The young Malthus dissented from such optimistic expectations. He deemed it impossible to perfect men’s lives, for a law no less binding than Newton’s law of universal gravitation ordained that the size of the population would always exceed the available food supply. Expressing this with mathematical-sounding precision, Malthus claimed that while population always increases geometrically, by doubling (1, 2, 4, 8, 16, etc.), food supply always grows only arithmetically, by simple addition (1, 2, 3, 4, 5, etc.). Thus it is inevitable that there will be more people than food to nourish them, resulting in misery for the masses—enmeshed as they were in a continuous “struggle for existence,” a notion that would later prove inspiring to Charles Darwin as he worked on his theory of evolution.

This dire situation was not caused by bad government, and could not be solved by political reform. It was due to both nature and human nature, neither of which could be altered. On the one hand, Malthus argued, there is a limit to how much food can be grown on a given amount of fertile land. On the other, mankind has an inescapable need to eat, and an unavoidable desire for sex, a desire leading to procreation. Limiting family size by the use of condoms or other artificial means was not an option in those days—at least not in the opinion of a clergyman like Malthus. Even decades later, a seventeen-year-old John Stuart Mill (the future philosopher and economist) would be arrested in a London park on obscenity charges for distributing pamphlets discussing birth control. As late as 1920 the Church of England’s annual Lambeth Conference condemned all “unnatural means of the avoidance of conception” (married Anglicans were finally given theological permission to use condoms a decade after that). There was always sexual abstinence within marriage, but Malthus did not have high hopes that people—especially in the lower
classes—would submit themselves to it. Population would therefore inevitably increase beyond the amount of food needed to sustain it, and the poorest people would watch their children starve.
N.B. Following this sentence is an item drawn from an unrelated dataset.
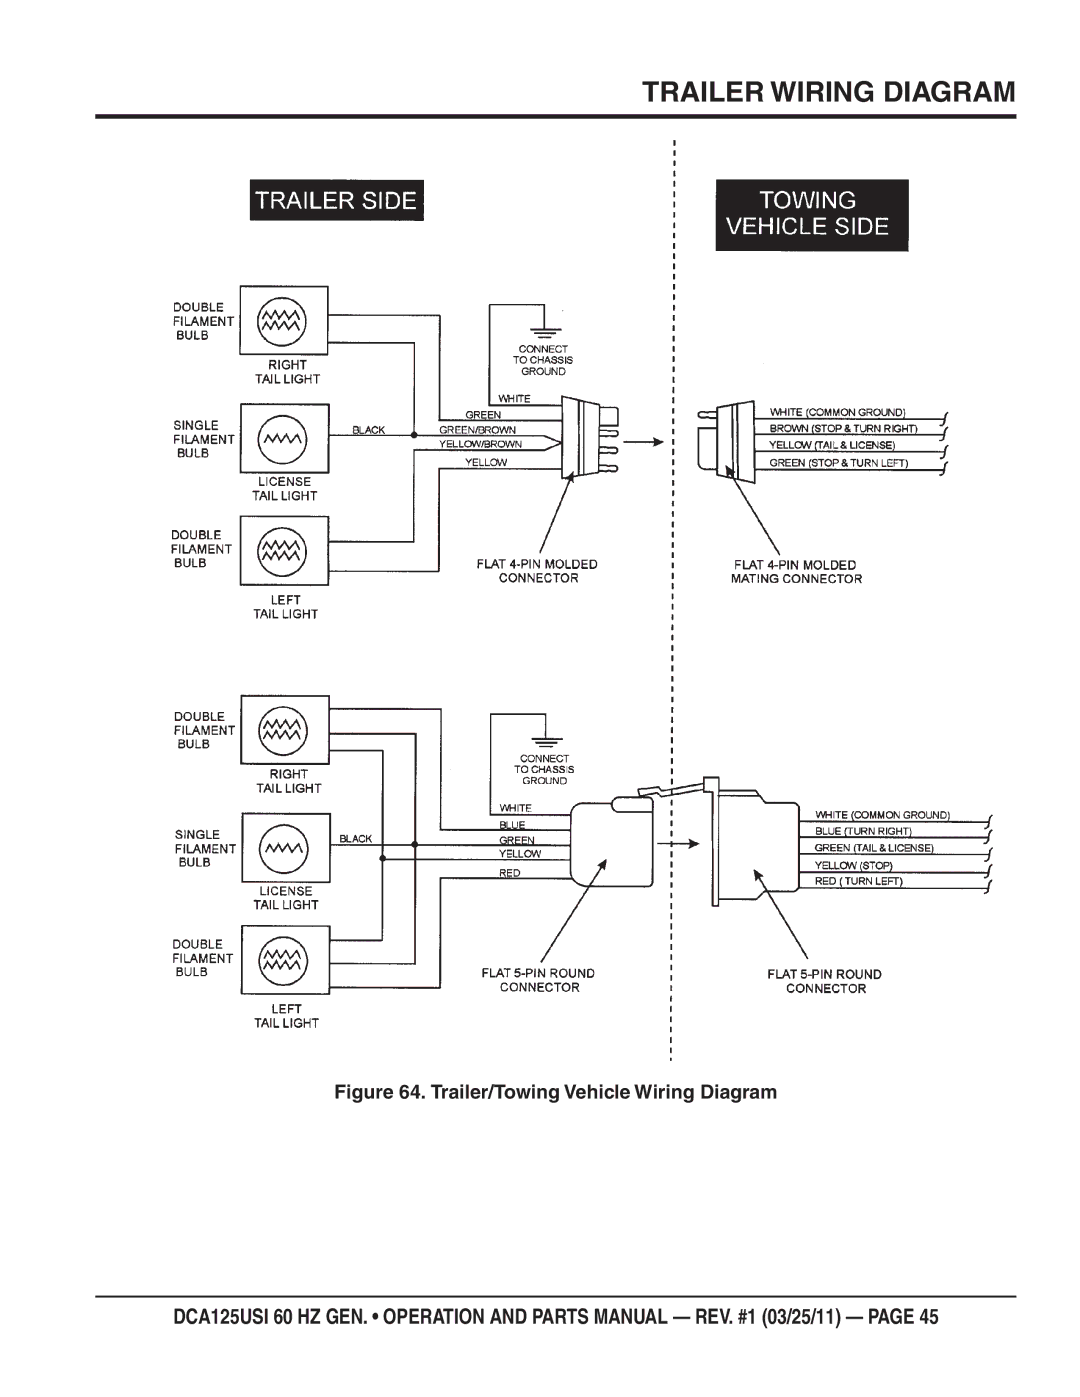 Multiquip DCA125USI manual Trailer Wiring Diagram, Trailer/Towing Vehicle Wiring Diagram

One thing that would not help the poor, the Reverend Malthus knew, was to give them more food or money. This would only give them the resources to have more children, or keep alive those already born, perpetuating the evil consequences of pauperism by increasing the population.
11

Malthus’s
Essay
focused attention sharply on the pauper problem. He had declared the situation inevitable, and claimed that the old solution was part of the problem. People began to wonder what else could be done.

They began to seek answers from the discipline of political economy, which seemed to hold the key to putting the nation’s financial affairs in order, thereby solving the problem of poverty. Malthus himself was named the first Professor of Political Economy in England, in 1806 (at the East India Company College at Haileybury, where generations of imperial diplomats and merchants were trained, exporting their Malthusian views to the colonies). But since most of the later writers on economics accepted Malthus’s population principle, their prescriptions did not hold out too much promise of a better life, especially for the poor. As that ever-cranky Thomas Carlyle would later put it, the science of political economy was “dreary, stolid, dismal, and without hope for this world or the next”; it was, indeed, a “dismal science.”